[What is being asked]
Give the data again exactly as it appears, excluding any pictures.

[Supplied material]
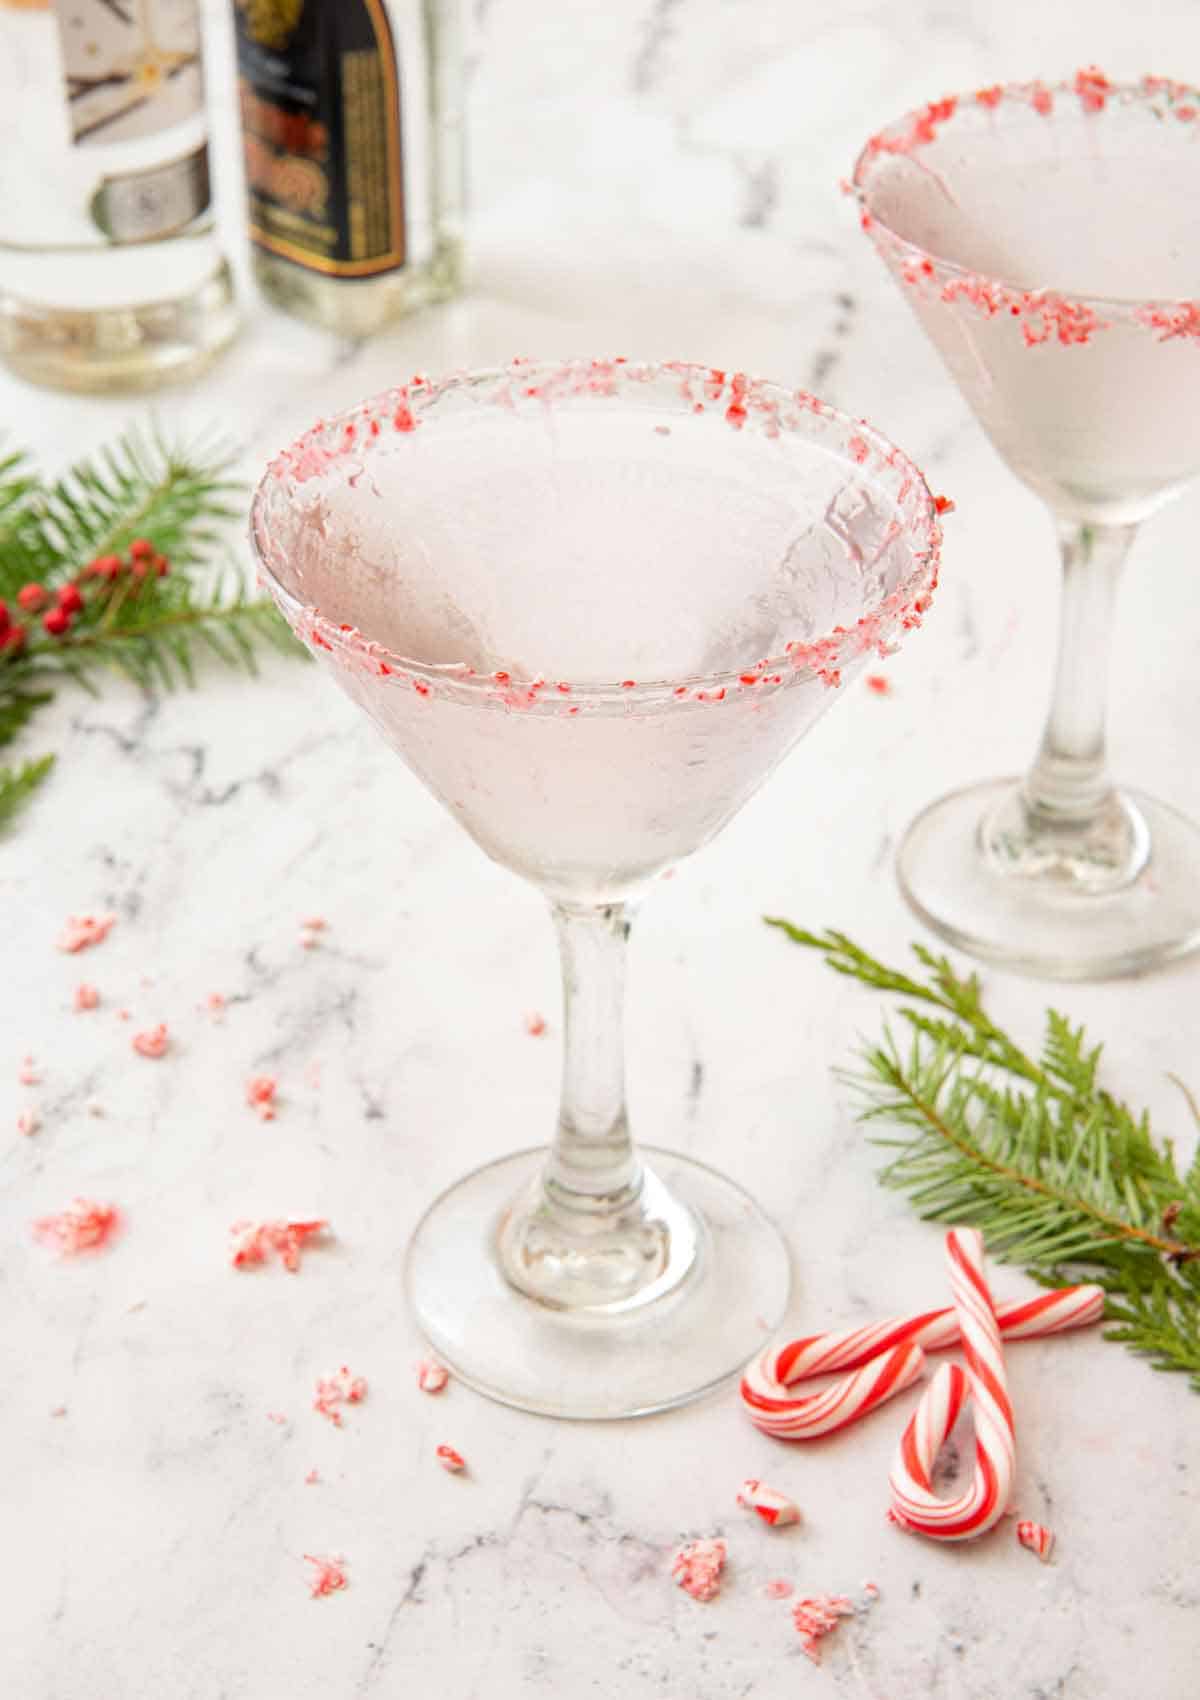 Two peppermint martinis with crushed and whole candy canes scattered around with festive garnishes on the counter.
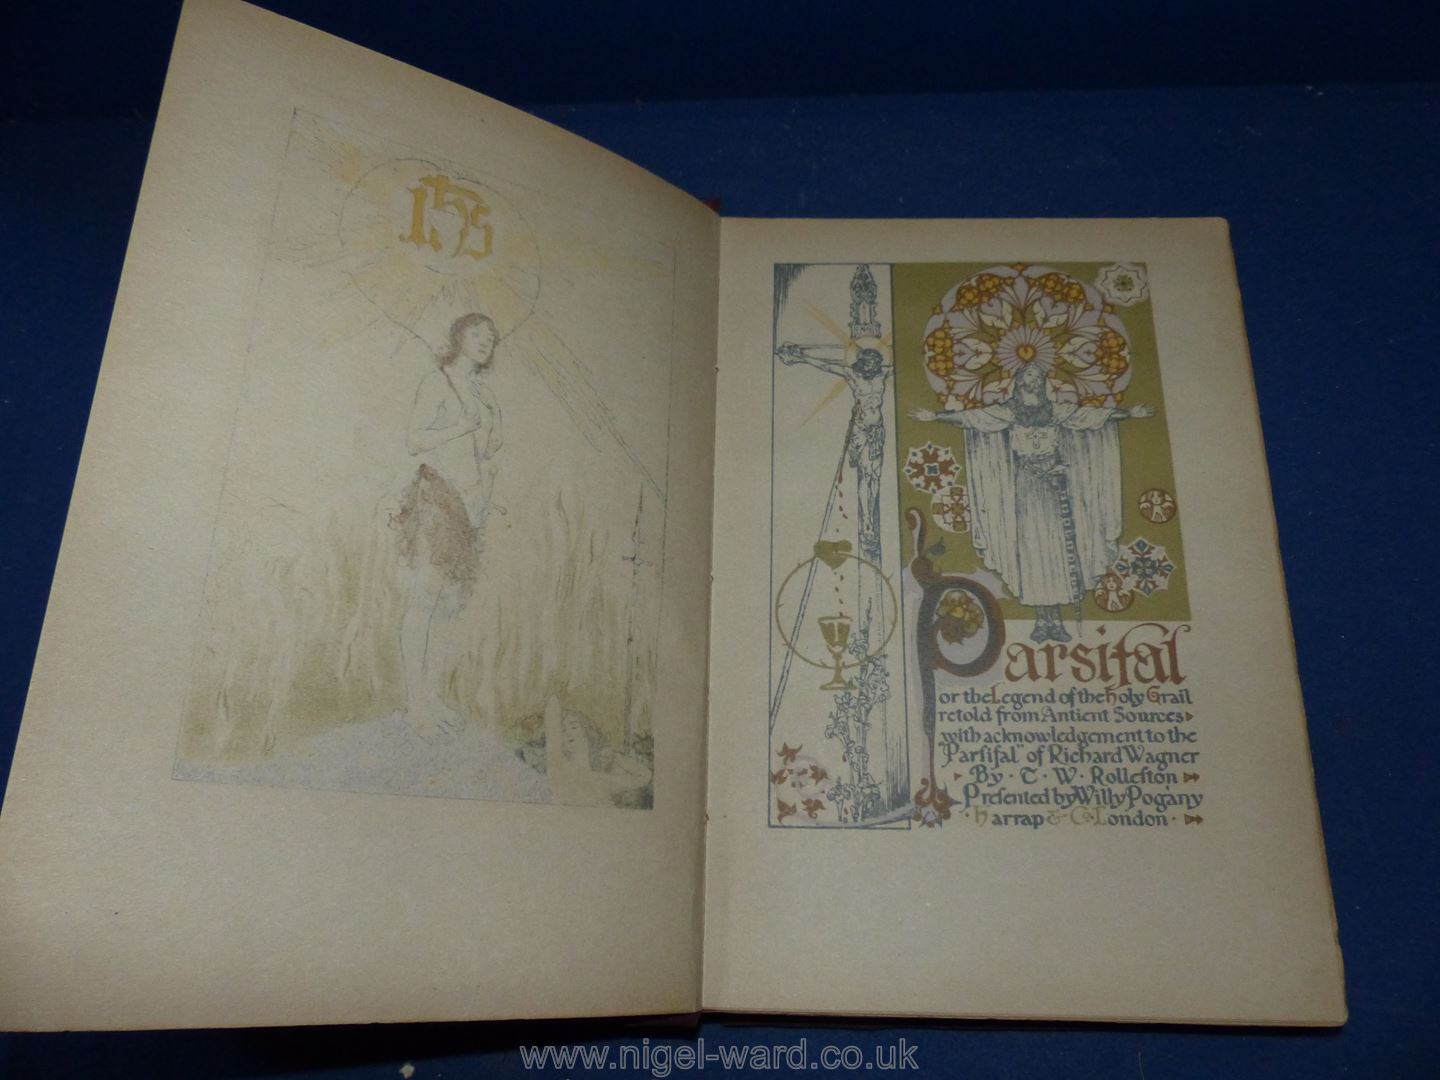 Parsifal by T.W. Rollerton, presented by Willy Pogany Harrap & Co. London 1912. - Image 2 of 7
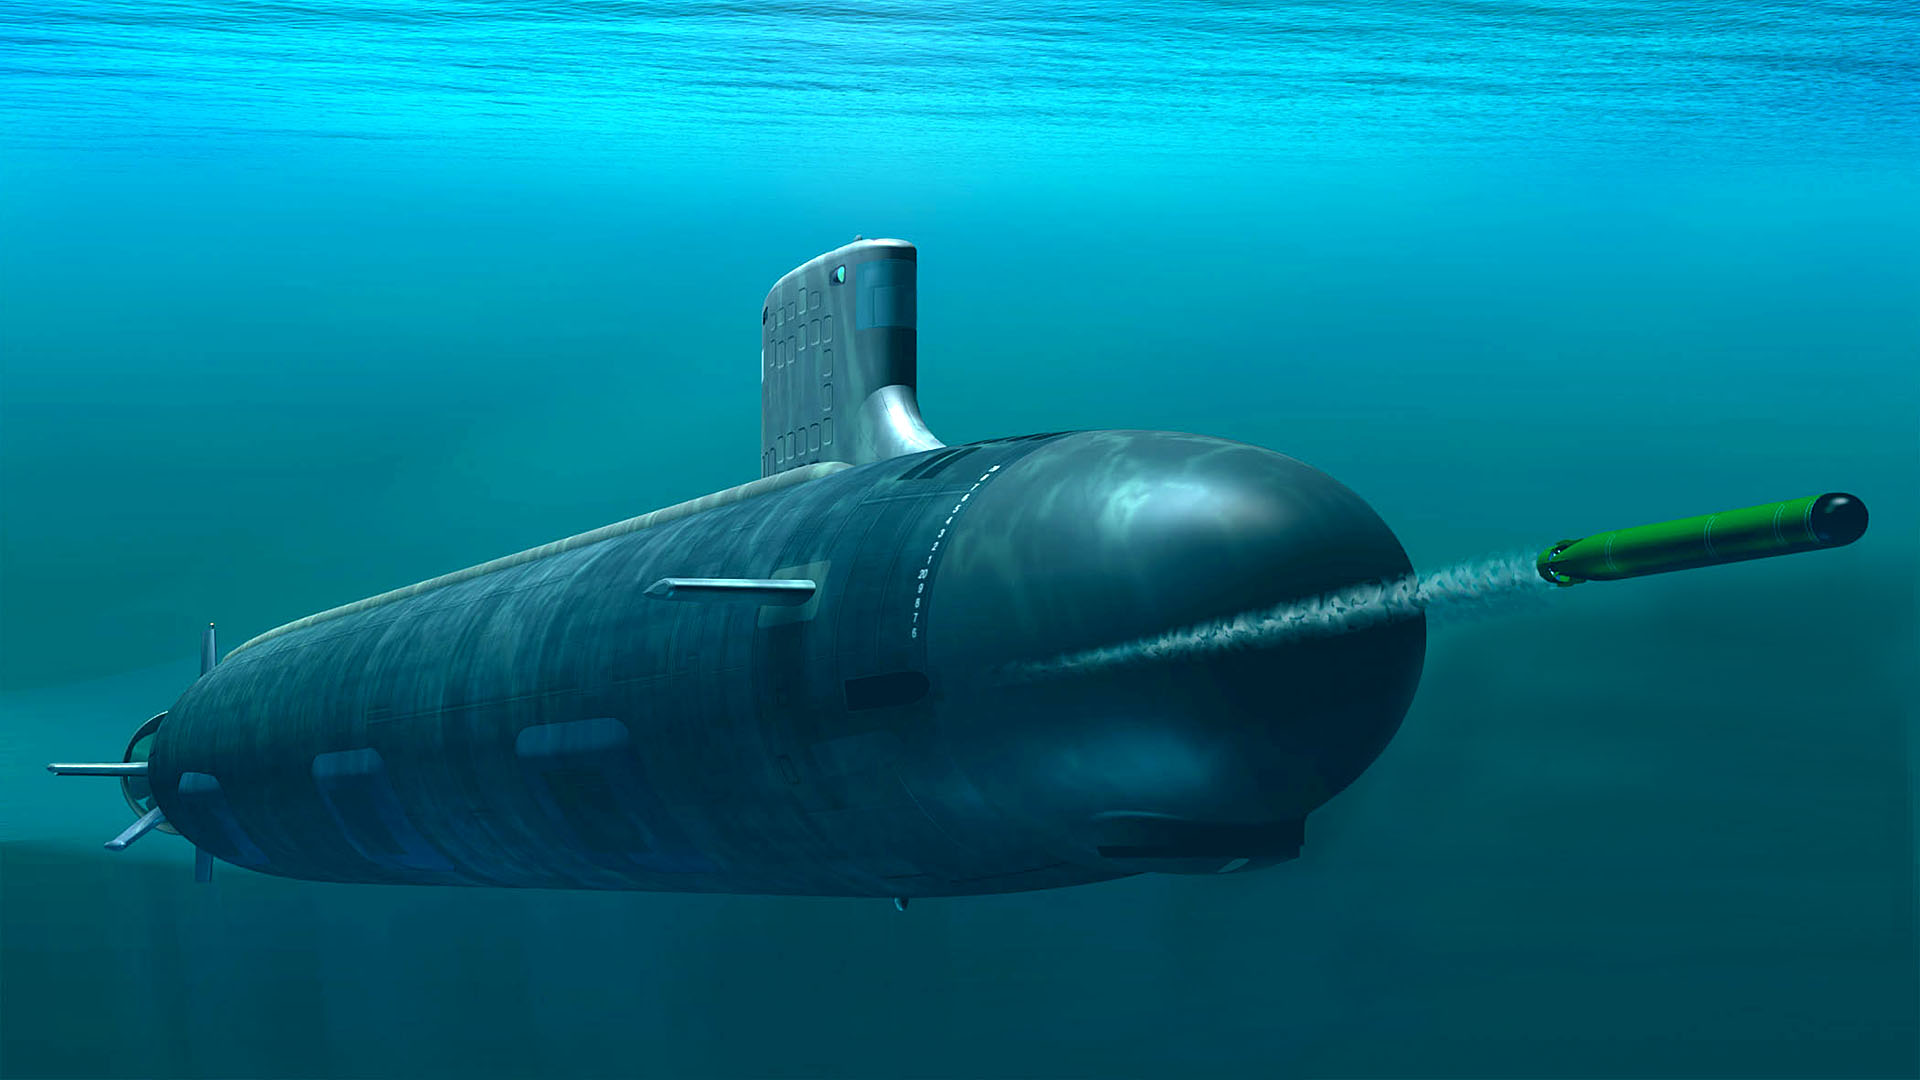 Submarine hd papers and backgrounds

[Solution below]
 Two peppermint martinis with crushed and whole candy canes scattered around with festive garnishes on the counter.
 Parsifal by T.W. Rollerton, presented by Willy Pogany Harrap & Co. London 1912. - Image 2 of 7
 Submarine hd papers and backgrounds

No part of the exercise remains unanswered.